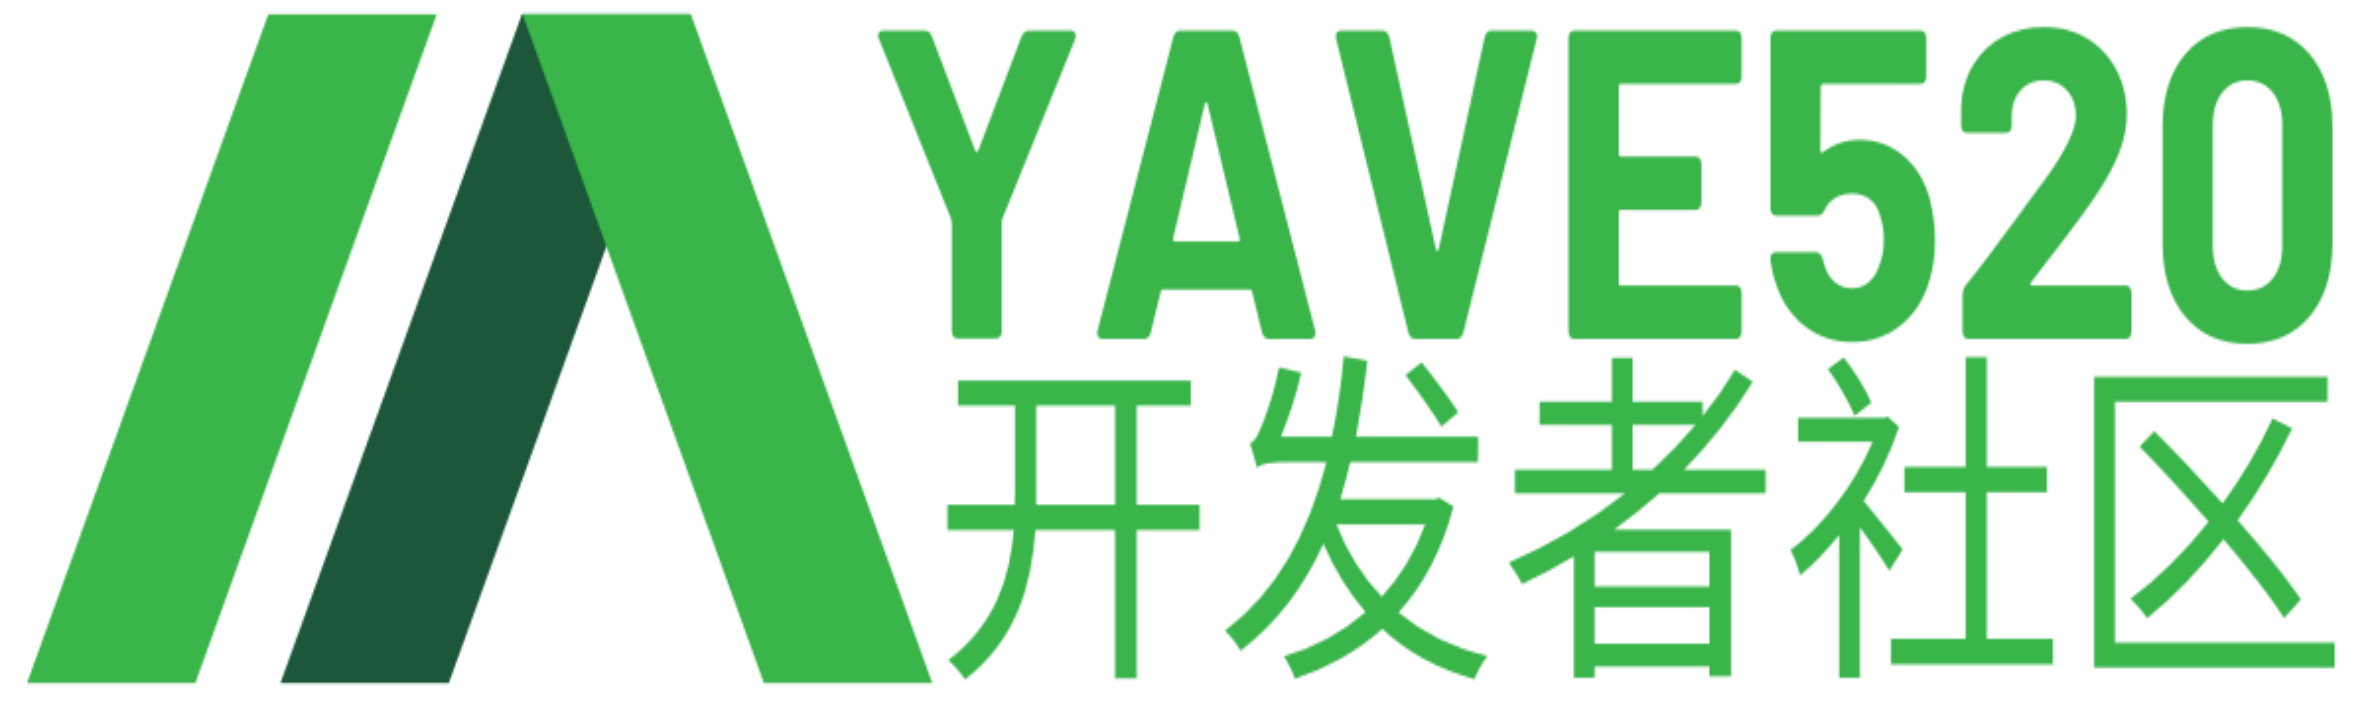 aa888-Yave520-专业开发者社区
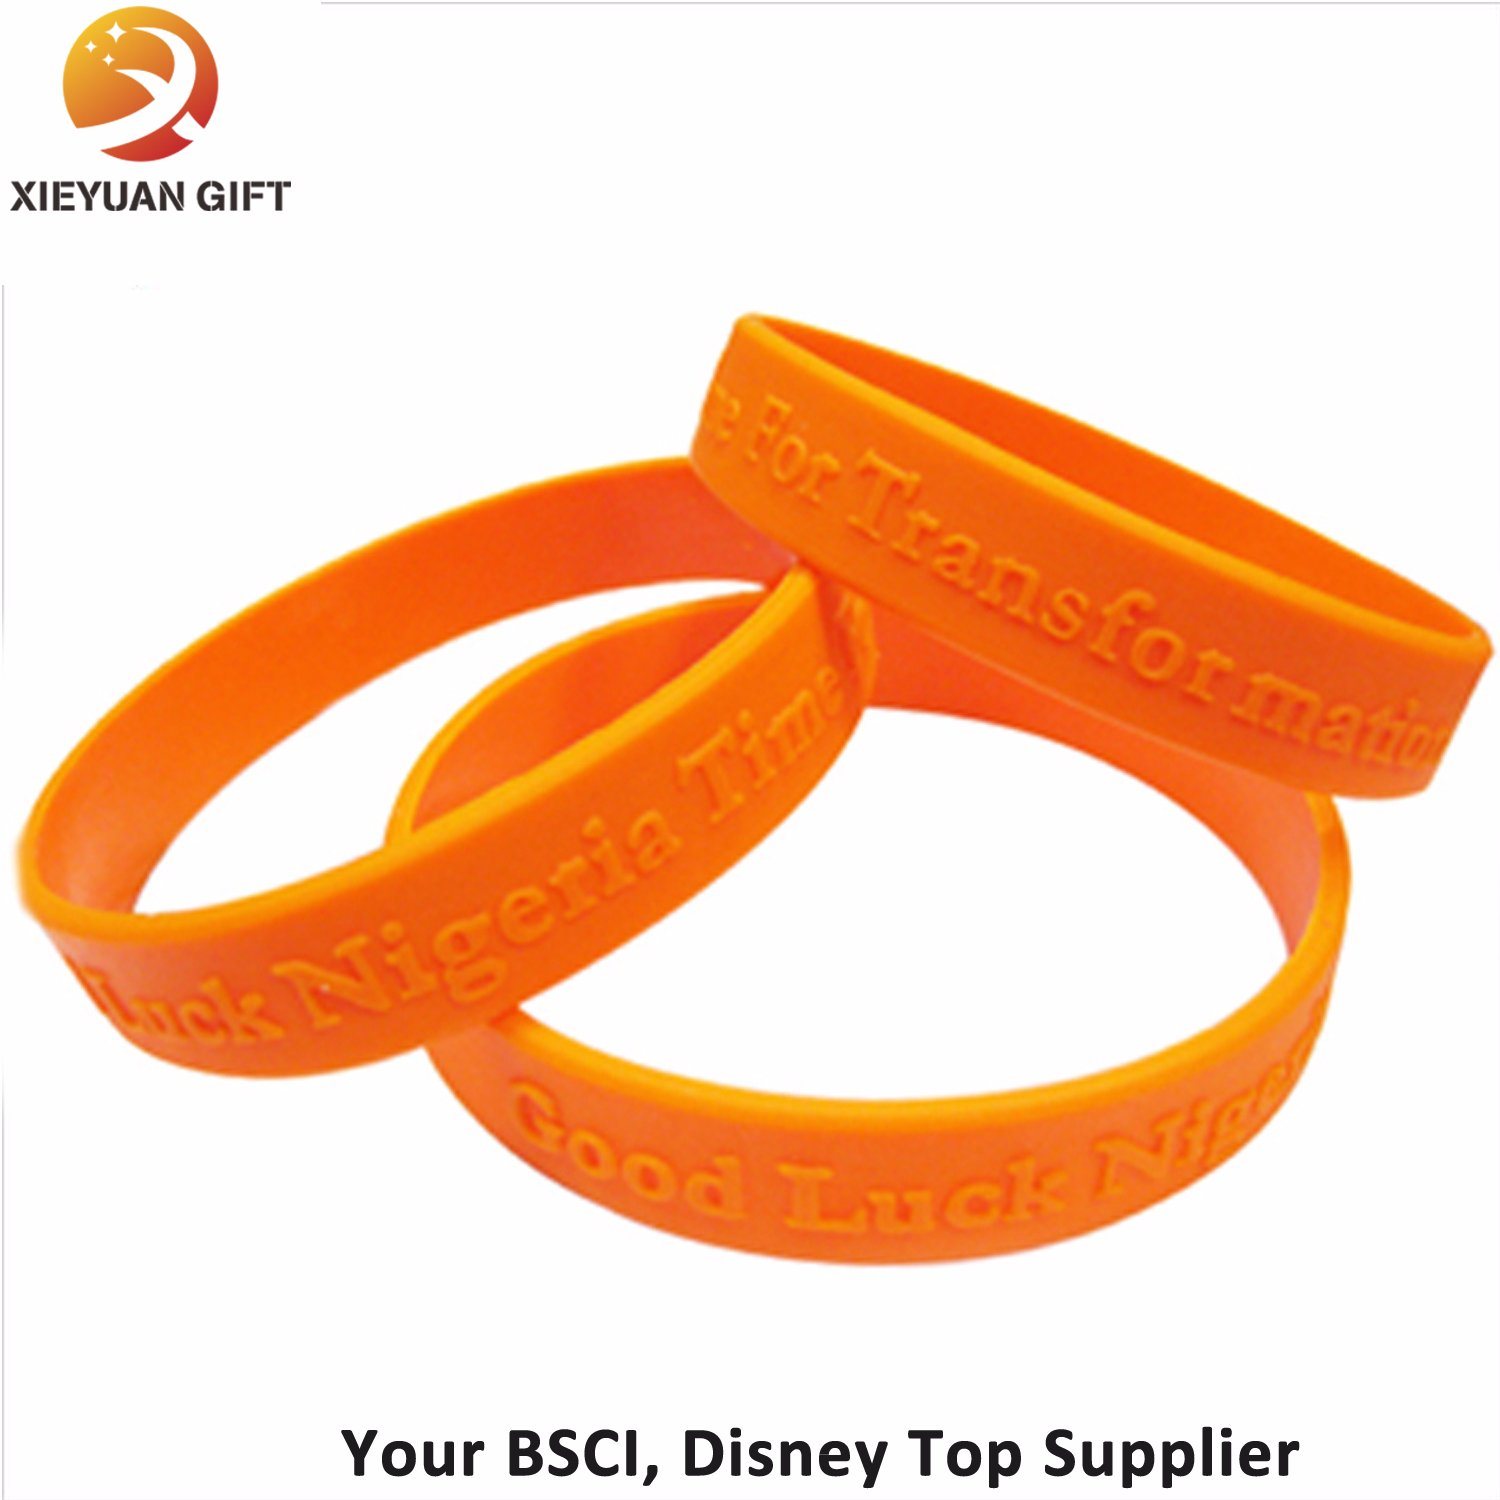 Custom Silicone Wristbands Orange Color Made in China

-------

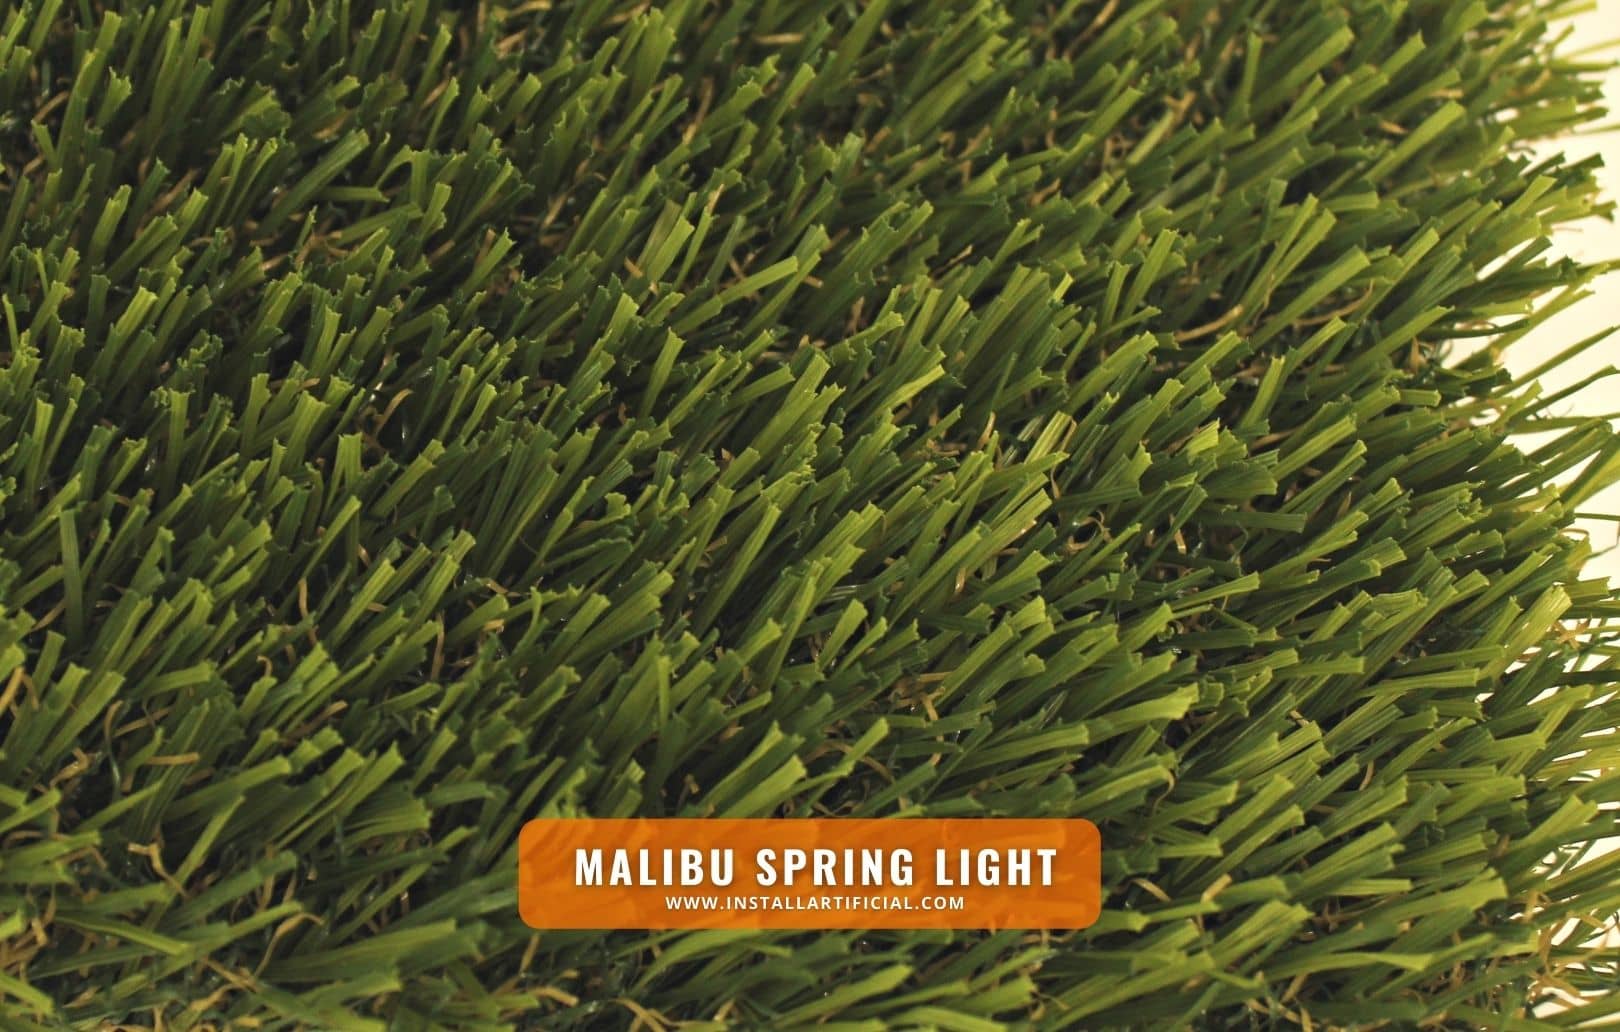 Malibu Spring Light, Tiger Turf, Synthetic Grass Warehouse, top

-------

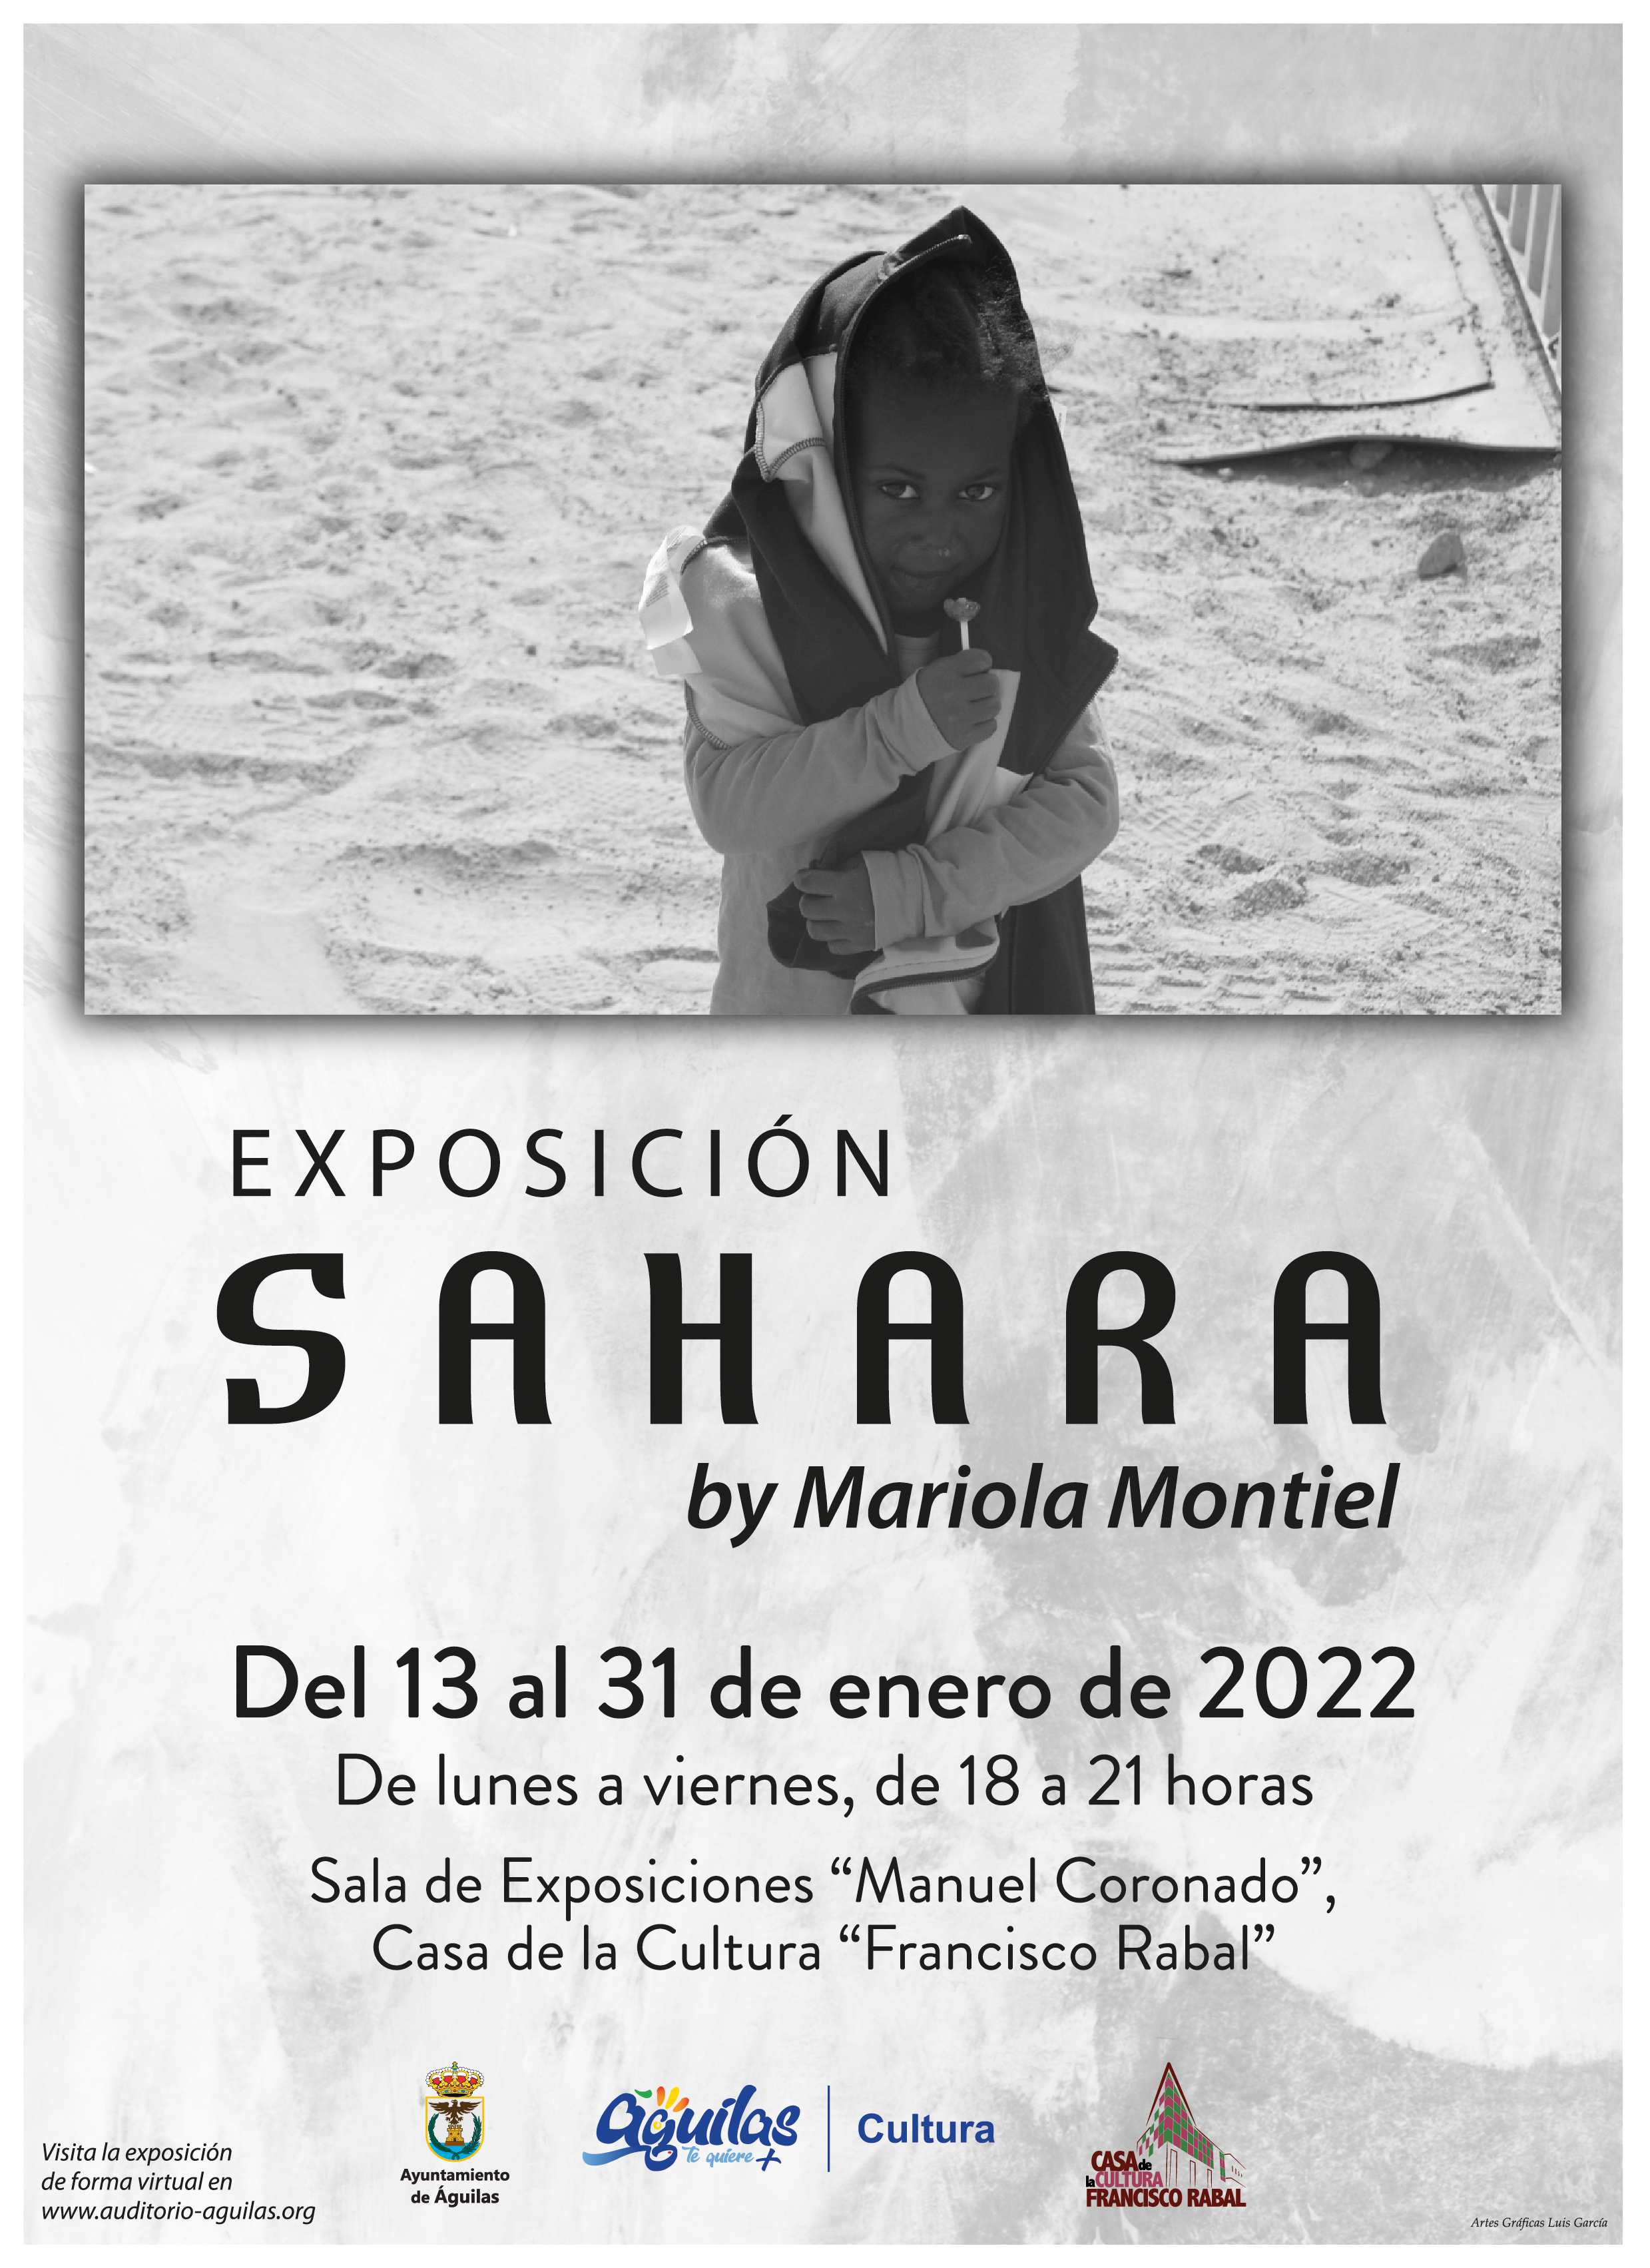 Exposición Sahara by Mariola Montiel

-------

HOW TO COMPLETE THIS TASK: Within the material above, find the part that opens with the line containing "aa888-Yave520-专业开发者社区" and closes with the line containing "Custom Silicone Wristbands", and reproduce it exactly without the pictures.

ANSWER TO THE PROBLEM:
 aa888-Yave520-专业开发者社区
 Custom Silicone Wristbands Orange Color Made in China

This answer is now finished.